- Book: Lakewood by Megan Giddings (MG) available today, March 24, 2020, in the US
- Featured Tea: Mint Green Chai, sencha green tea beautifully balanced with cardamom, ginger, and clove. A soothing peppermint finish
- Participants tea selections: Peppermint tea, Chocolate Hazelnut Latte, Pomegranate & blueberry herbal tea, and Green tea
Let’s begins the Q&A. Now that everyone’s seated with their books, tea selections and tea treats of choice, it’s time to get started.
Note: This is a fictitious Q&A based on the book synopsis & interviews I read online, from theRumpus.net & Los Angeles Times. I did enlist help from fellow bookstagrammers, which I’ve linked below, to create an engaged & informed audience.
BBTCC: Let’s start with an intro from one of our audience members.
engineersreadtoo: (sips peppermint tea) It couldn’t be a more perfect time for this book to be available to the world. If the government told you that the only thing standing between a cure to covid-19 is participants to test it out on- would you do it? You’d be fully compensated and offered medical care for yourself and your family- you just have to do everything they ask. That’s the decision Lena had to make for her family. Suspenseful, horror-filled, Jordan Peel-ish… How much would you be willing to sacrifice?
BBTCC: Thank you, very fitting comparison! Megan, please tell us about your debut novel, Lakewood. There is a comparison to The Immortal Life of Henrietta Lacks as well.
MG: Lakewood is a literary fiction novel that takes place in a fictional town in Michigan. Lakewood is a coming-of-age novel that is more interested in what it looks like to come of age without putting sex in the equation. Lakewood is a novel that is about many kinds of inequity that are still thriving in the United States.
BBTCC: What motivated you to write Lakewood?
MG: Some of Lakewood was generated from many conversations with friends about what it’s sometimes like to be not white in the United States.
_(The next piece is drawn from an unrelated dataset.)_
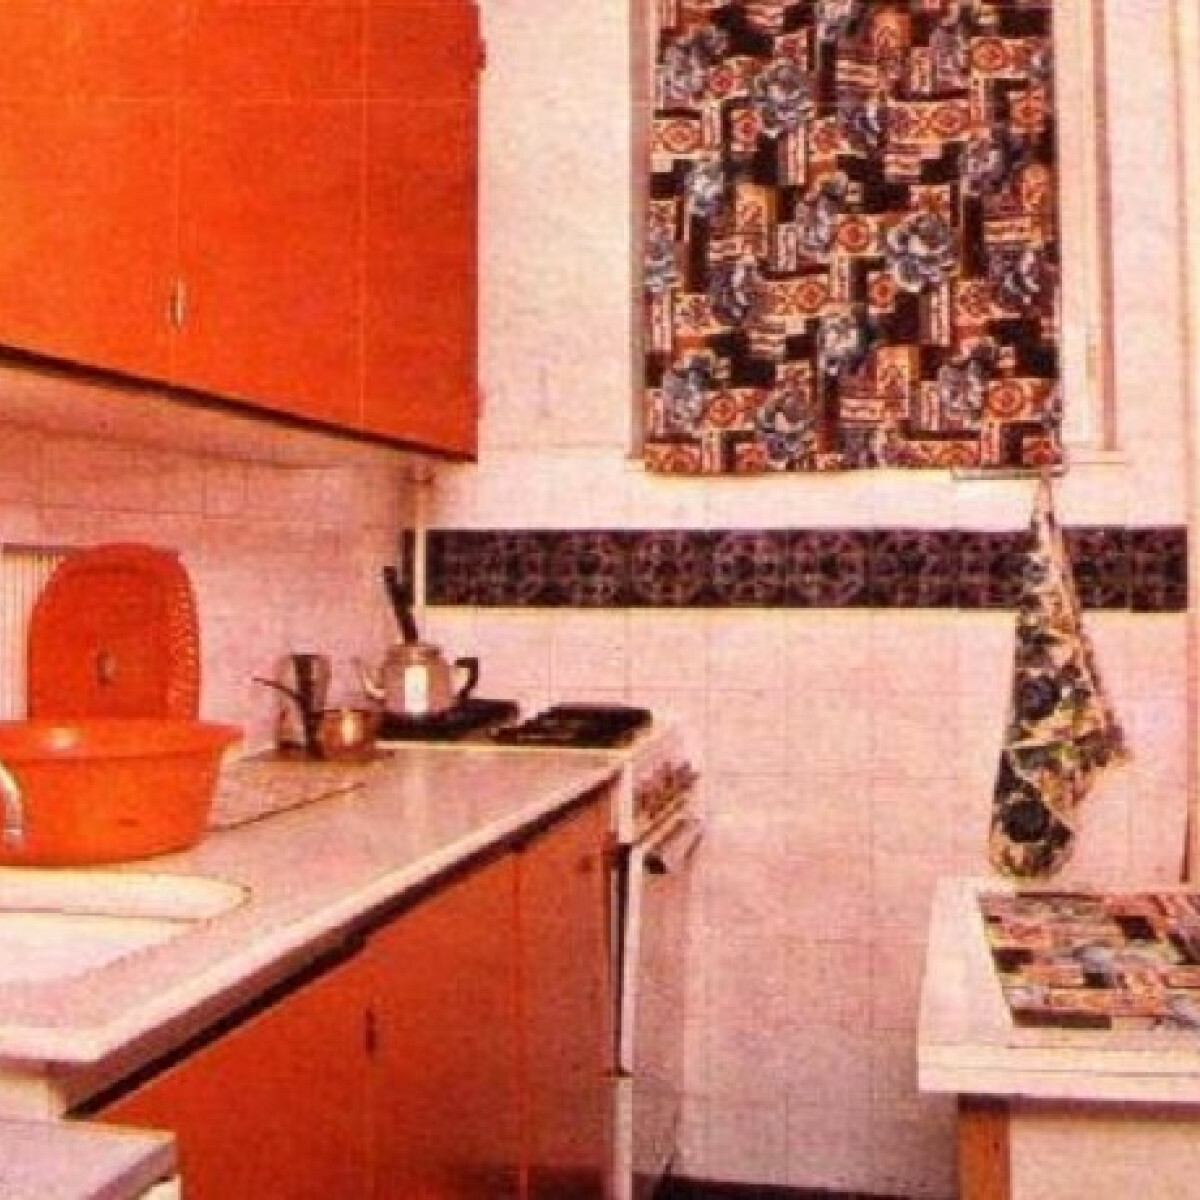 Így nézett ki a konyhánk a '80-as években

When I started reading more about the different research studies that have happened on different at-risk populations in the US—I’m hesitant here to only say black because Native and Indigenous people were also used as research subjects and as far as I know, the US government has not apologized to them—I think this all worked together to help make the foundation for Lakewood as it is today.
bookedandrooted: (sips green tea) This book is weird, but in an interesting way. It gave me “Sorry to Bother You” (movie) and Jordan Peele’s Get Out vibes. With nuances of slavery, racism and the abuse of black and brown bodies Lakewood definitely hit the mark.
BBTCC: Those movie comparisons seem spot on. I couldn’t help but wonder about “an eye drop turning brown eyes blue” – I got some Black No More (by George Schuyler) vibes. Has anyone else read that book?
never_withouta_book: (sips Chocolate Hazelnut Latte) YAAAAS on Black No More. In Lakewood, they have this girl eating and drinking what she thinks is food but I know they put all kinds of experimental drugs in it and the questions they are asking her? Yeah, something’s not right.
melanatedreader: (sips pomegranate & blueberry tea) Like you know something is not quite right so you just have to keep reading… Girl it’s eerie 😩😩
BBTCC: Thank you ladies. Megan, does Lena really understand or give consent to the research being conducted on her and others at Lakewood?
MG: When you’re in a legitimate research study, the doctors will walk you through every possible thing that could happen. At Lakewood, I don’t count it as consent, because everybody who works at the facility always has more knowledge than Lena. They don’t really tell her the risks.
BBTCC: Thank you everyone for stopping by Books by the Cup Café for our discussion with Megan Giddings about her new book Lakewood. If you’ve read this book, I hope you will share it with others. If not, I hope this interview will encourage you read this book.